The reason for epsilon is to improve numerical stability, e.g. when it comes to dividing by very small numbers close to zero. If we would not have epsilon here, we face the risk of gradient float overflow and numerical issues during our optimization.
Regarding your question:
I did not notice before you pointed that out, frankly speaking. But it is interesting.
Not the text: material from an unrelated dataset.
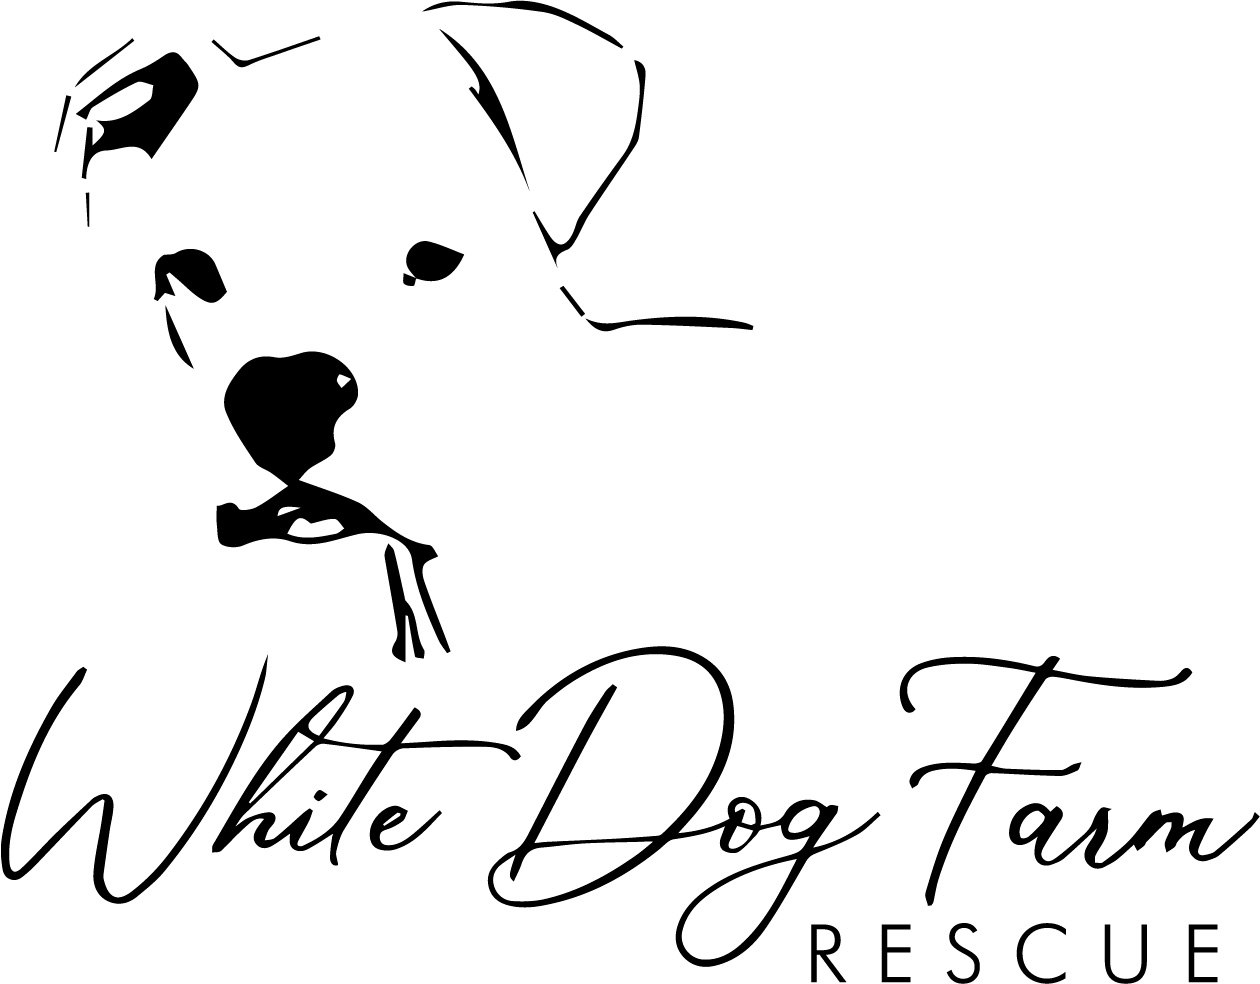 White Dog Farm Rescue

Thanks for highlighting the difference, @Sahil_Singh1!
In the Tensorflow docs we can find that epsilon matches with your definition of ADAM screenshot (where epsilon is not under the square root) for both RMSProp and ADAM and both refer to the same paper and the formula, see also:
- tf.keras.optimizers.Adam | TensorFlow v2.14.0
- tf.keras.optimizers.experimental.RMSprop | TensorFlow v2.14.0
-
[1412.6980] Adam: A Method for Stochastic Optimization (in the formula just before Section 2.1)
Side note: My understanding is that only adding epsilon in the denumerator, (similar to the Adam term) is not sufficient (see also formula 23 in
https://arxiv.org/pdf/1911.05920.pdf) where based on the derivative can be shown that the risk of gradient float overflow still persists.
Anyhow: regarding your question, I would say it’s rather an implementation detail however it is important to be aware of it and make sure to be consistent.
Best regards
Christian